Jensen Huang walked onto the SAP Center stage on March 16 in his leather jacket, and two hours later walked off having repositioned Nvidia from a chipmaker into a full-stack agentic AI platform company. The keynote was dense with product announcements, but the throughline was unmistakable: Nvidia thinks the next phase of AI is agents, and it plans to own every layer they run on.
That framing has uncomfortable implications for the rest of the industry. If Jensen is right that AI models are rapidly commoditizing while infrastructure becomes the real moat, then Nvidia just drew a circle around the only part of the stack that prints money long-term.
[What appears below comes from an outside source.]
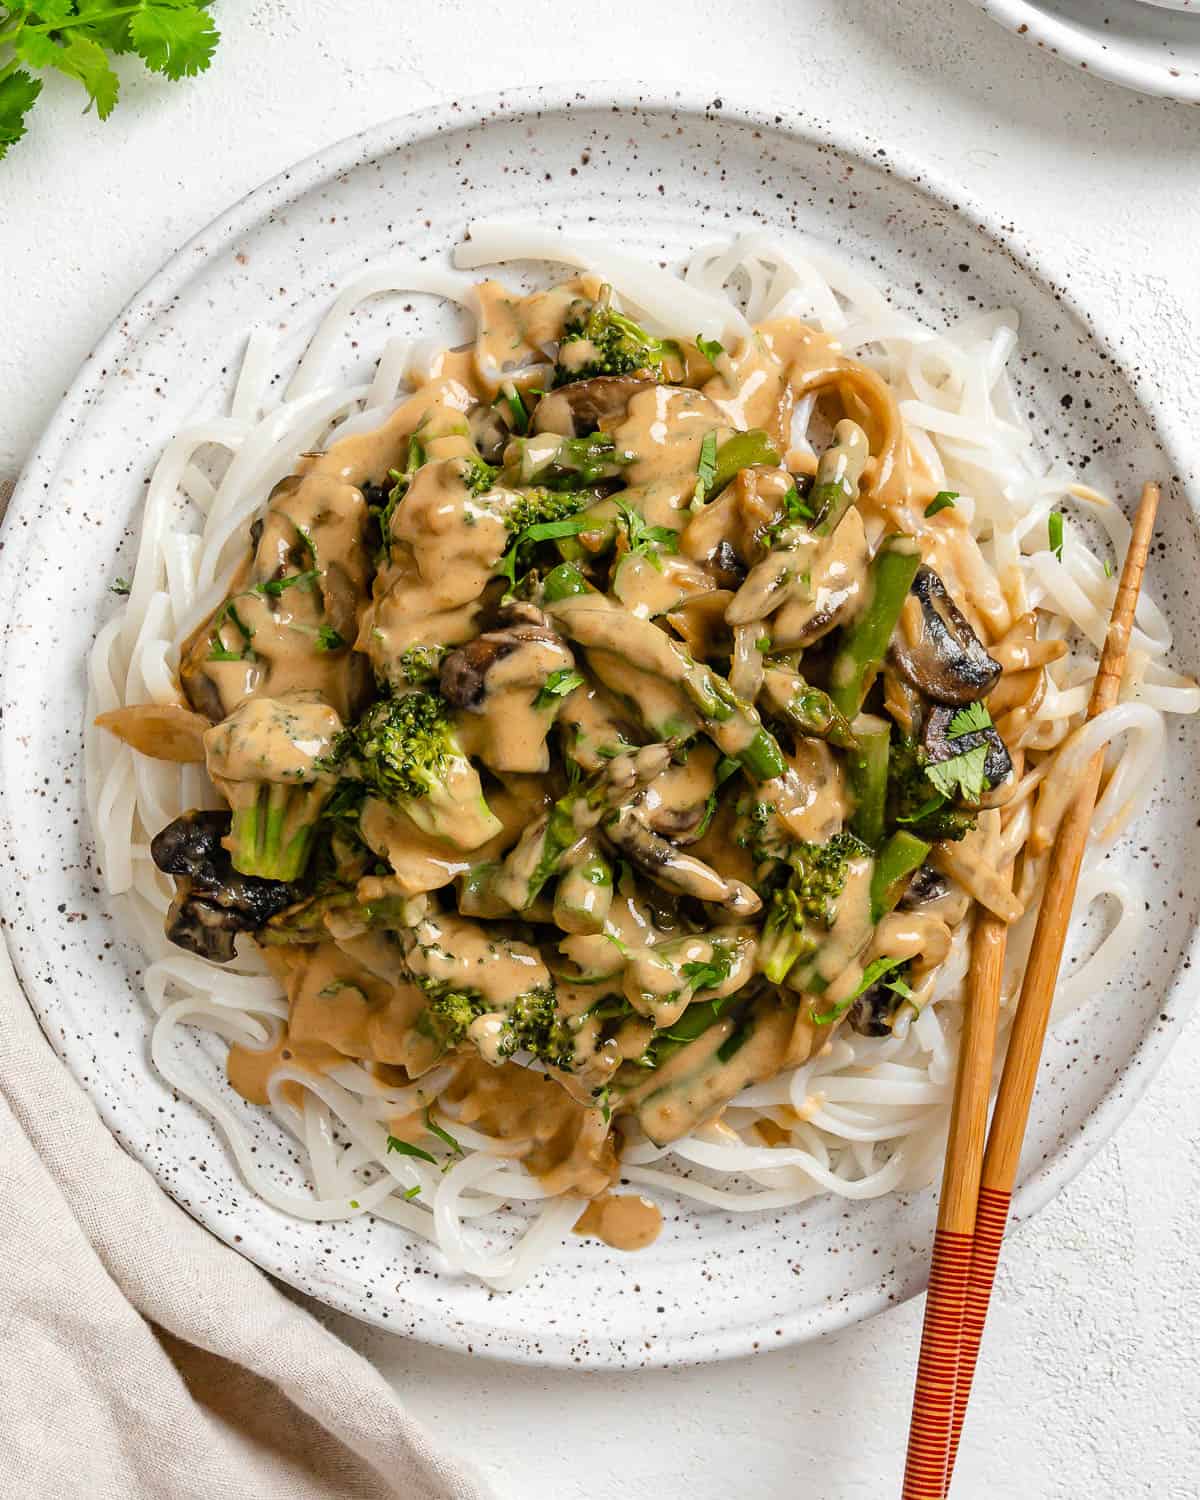 completed Creamy Rice Noodle Stir Fry plated against a white surface

The trillion-dollar demand signal
The headline number: Nvidia now projects at least $1 trillion in revenue opportunity from Blackwell and Vera Rubin platforms through 2027. That is double the $500 billion estimate from last year's GTC. Jensen attributed this to a straightforward calculation: AI compute demand has grown roughly one million times over the past two years as reasoning models replaced retrieval-based systems and usage scaled simultaneously.
"If they could just get more capacity, they could generate more tokens, their revenues would go up," Huang told the crowd, referring to Nvidia's cloud and enterprise customers. The company reported 11 straight quarters of revenue growth above 55%, and the current quarter is tracking at about $78 billion, up 77% year-over-year.
These numbers are large enough that they tend to make people skeptical. But the demand signal appears real. AWS, Microsoft Azure, Google Cloud, Oracle, and CoreWeave are all expanding their Nvidia deployments. Meta, ByteDance, and Alibaba are building at similar scale. The constraint right now is not demand but power delivery.
Vera Rubin: the inference machine
The hardware centerpiece was the Vera Rubin platform, which is now in production. It is not a single chip but a full-stack system with seven chip types assembled into five rack-scale designs: Vera CPUs, Rubin GPUs, NVLink 6 switches, ConnectX-9 NICs, BlueField-4 DPUs, Spectrum-X optical NICs, and Groq 3 LPUs. Combined specs: 3.6 exaflops and 260 terabytes per second of NVLink bandwidth.
The Groq integration matters here. Nvidia acquired Groq for $20 billion in late 2025, and the Groq 3 LPX chip is purpose-built for inference decode. Nvidia's new Dynamo software layer disaggregates inference: prefill goes to the Rubin GPU, decode goes to the Groq LPU. The result, according to both Nvidia and third-party analysis from Semi Analysis, is 35x more throughput per megawatt compared to Blackwell alone.
That figure deserves scrutiny. Semi Analysis independently verified and actually exceeded Nvidia's own claims, finding roughly 50x more tokens per watt versus the Hopper H200. Jensen joked that analyst Dylan Patel "accused me of sandbagging. He was right." Whether these benchmarks hold across diverse production workloads remains to be seen, but the direction is clear: Nvidia is engineering specifically for inference throughput, not just training FLOPS.